Prof Ariyaratne’s film starts with her, now a nun in the Order started by Prajapathi Gotami, knowing her death is near, walking to where the Buddha resides. While travelling, her voice narrates the scenes on screen: the story of the Buddha from her view, knowing him not only during the nine years of their marriage but from many previous lives where too she was his wife.


A great character trait


I come to the present to state that apart from the face and figure beauty of any woman is the radiance of her nature. Thus her beauty matures and is more striking as experience etches her face, not only with laugh lines but furrows left by travails undergone. Why suffering? Most women have much to contend with; maybe an irresponsible, licentious, alcoholic, abusive husband. She has to care for her children, sometimes on her own. She has to veer away from abuse, gossip, harassment, indifference and discrimination. She may have to pass from the control of her father to her husband to her son. She sacrifices constantly subsuming her needs to those of parents, in-laws, husband and children.

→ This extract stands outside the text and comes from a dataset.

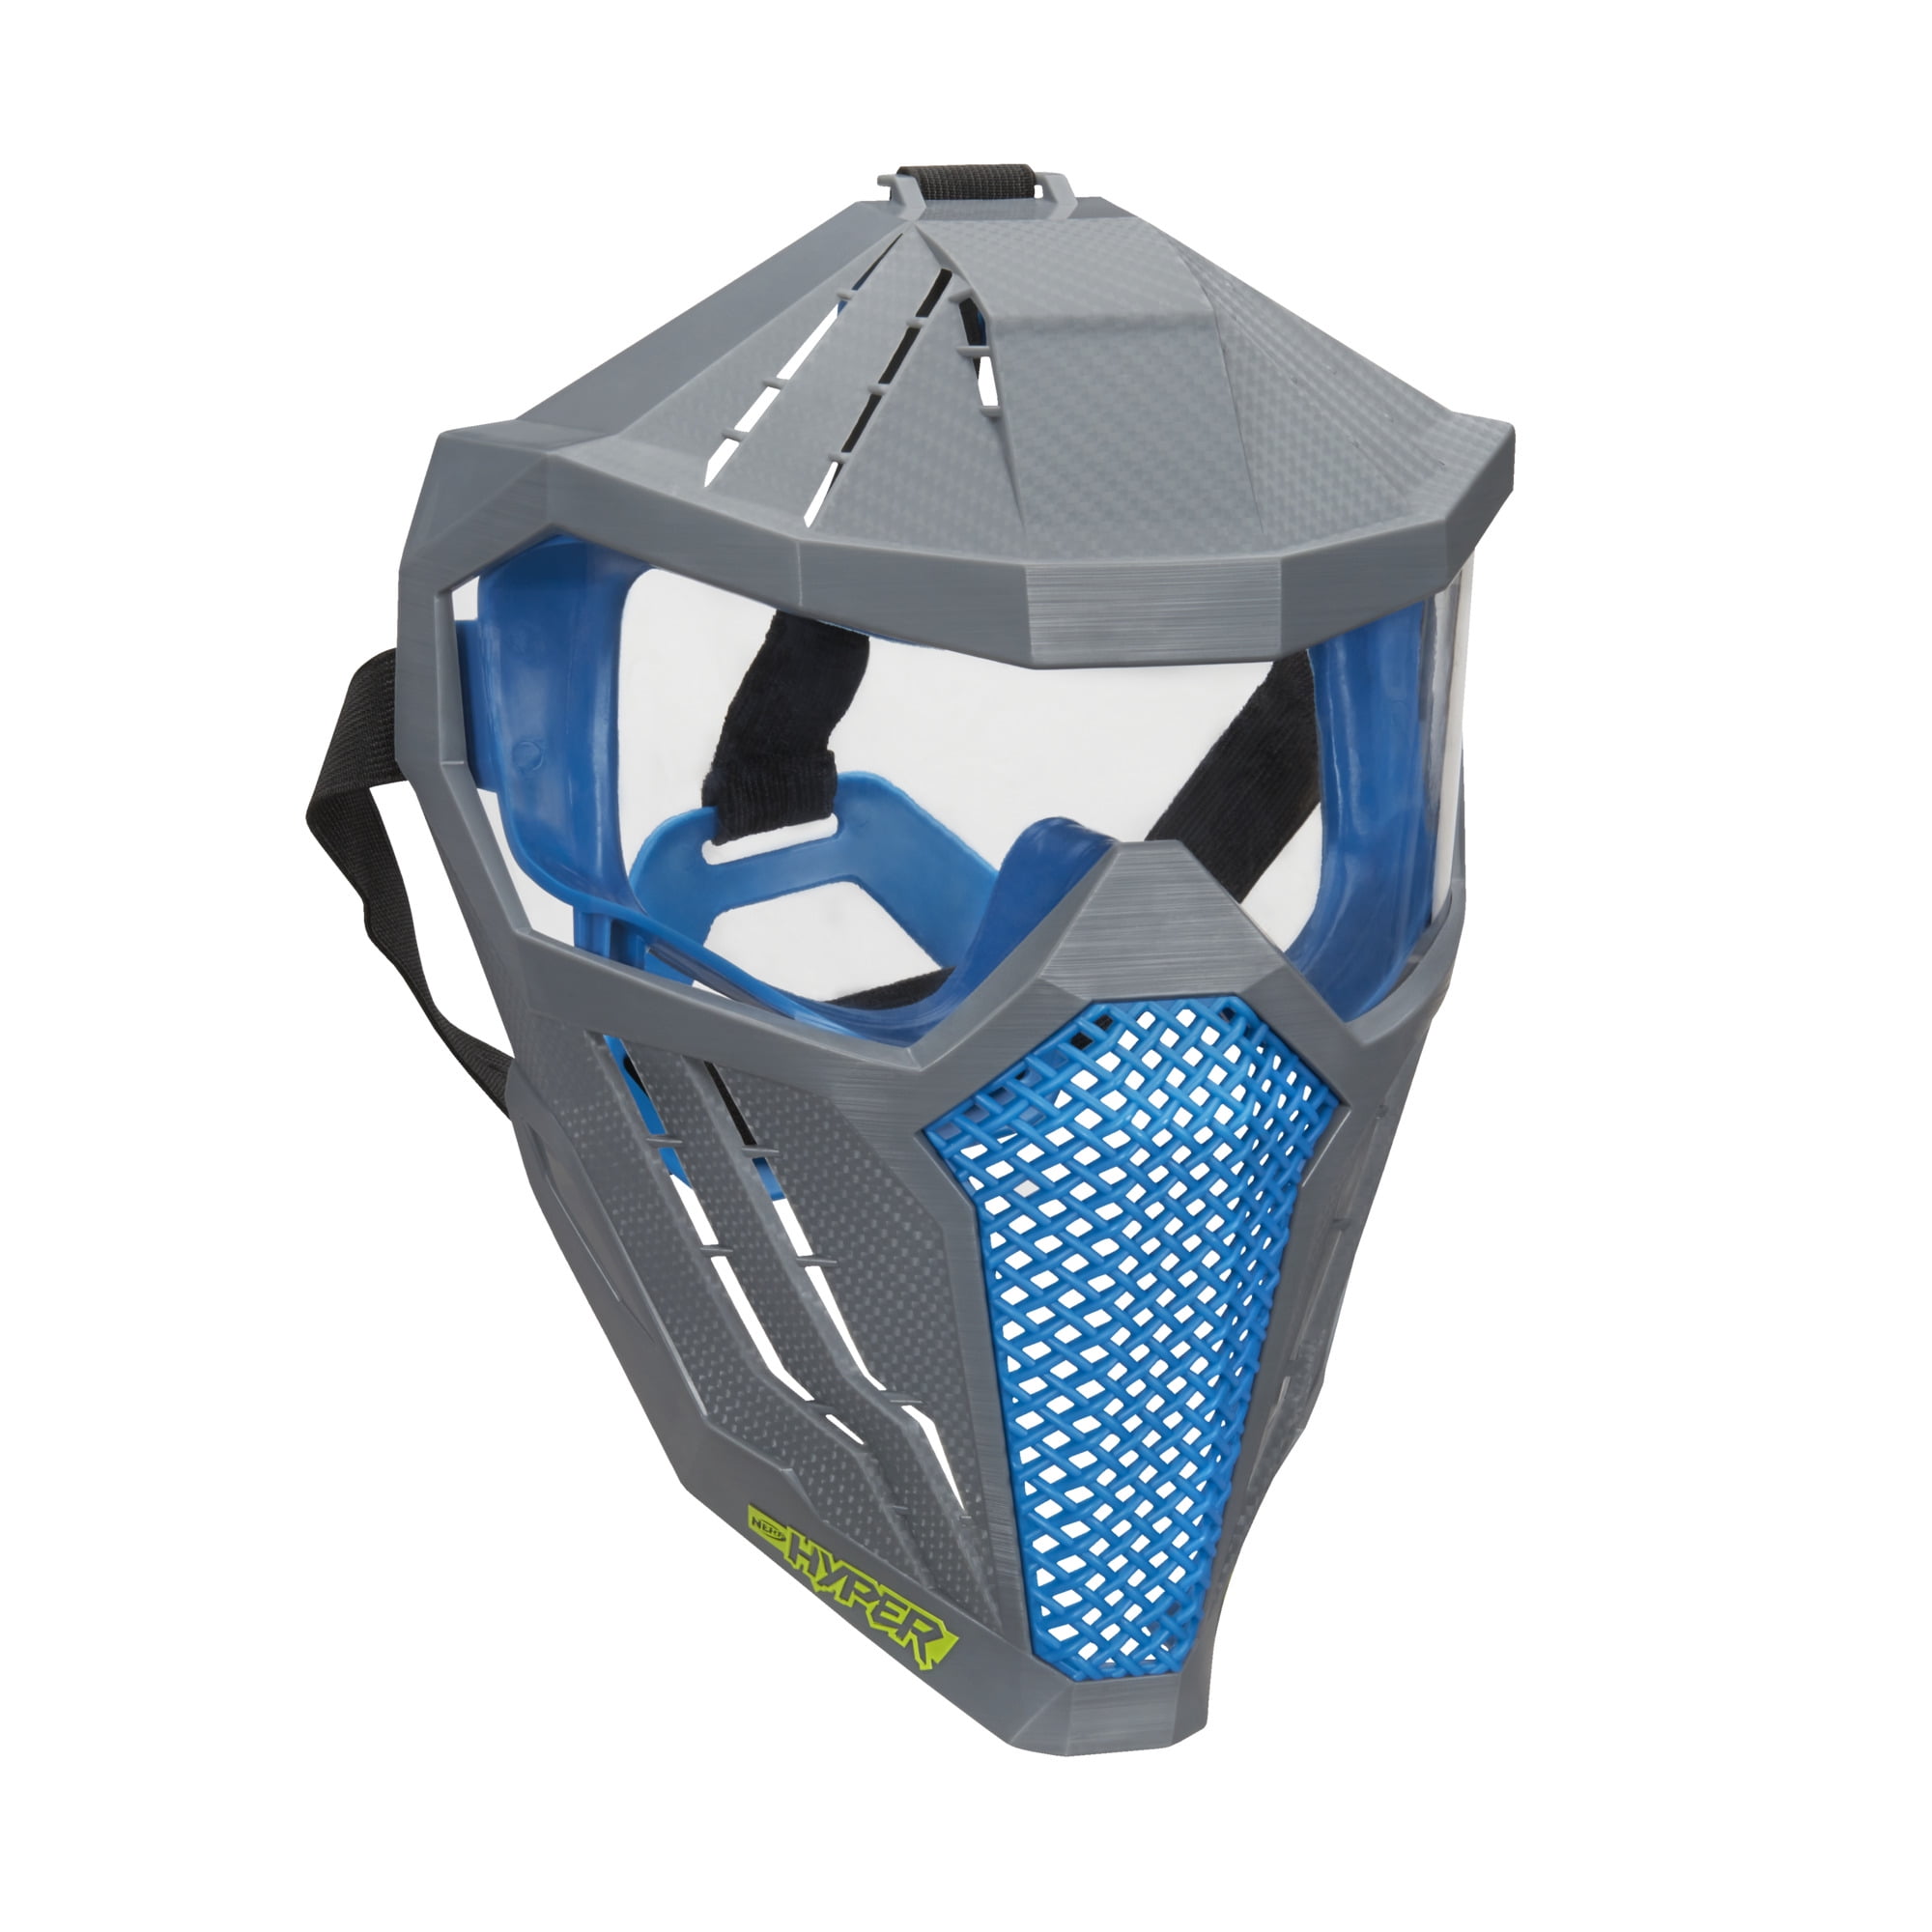 Nerf Hyper Face Mask, Breathable Design, Adjustable Head Strap, Blue Team - Walmart.com

But there is steel within. Consider those who take centre stage like Eleanor Roosevelt and our own Sirima Bandaranaike. Think of the majesty and steadfastness of Queen Elizabeth II. Here is a woman in love with her prince but in the name of the country, willing to ignore his lapses. The incident of his partying with Profumo with Christine Keeler present is specifically shown in the Netflix film The Crown. The young Queen is depicted devastated but forgives her husband who, on his knees, tells her he promised her father to care for her and that he has done.


Consider our own women who have suffered and risen from the civil war, insurrections, the tsunami and droughts and floods. Just look at widows, how they take their lives in hand and move on fulfilling responsibilities to their dependents until they are free of burdens.


Bless all women is all I can say to end this praise of members of the so called weaker sex; a complete misnomer!